### PROBLEM DESCRIPTION
Only the lines below from the one containing "SUZUKI GRAND VITARA" to the one containing "2) In order to remove sensor rotor (retai" should be repeated, both included and unchanged.

### INFORMATION
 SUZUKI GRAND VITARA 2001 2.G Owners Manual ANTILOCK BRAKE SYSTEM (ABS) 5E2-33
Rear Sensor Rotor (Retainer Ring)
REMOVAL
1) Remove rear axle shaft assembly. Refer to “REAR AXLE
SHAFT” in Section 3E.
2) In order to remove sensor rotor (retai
--
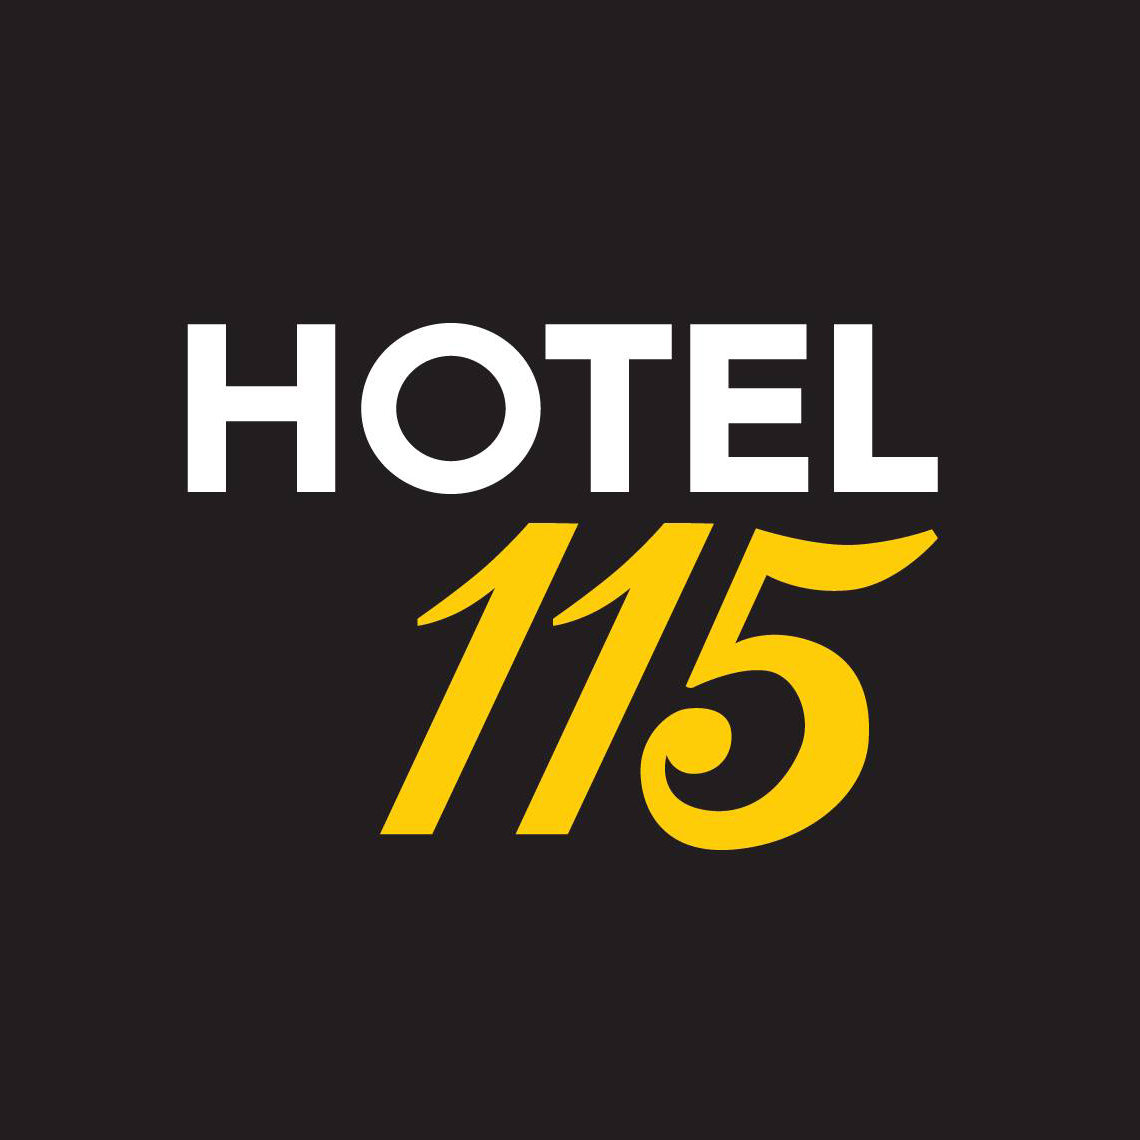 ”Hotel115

### ANSWER SPACE
 SUZUKI GRAND VITARA 2001 2.G Owners Manual ANTILOCK BRAKE SYSTEM (ABS) 5E2-33
Rear Sensor Rotor (Retainer Ring)
REMOVAL
1) Remove rear axle shaft assembly. Refer to “REAR AXLE
SHAFT” in Section 3E.
2) In order to remove sensor rotor (retai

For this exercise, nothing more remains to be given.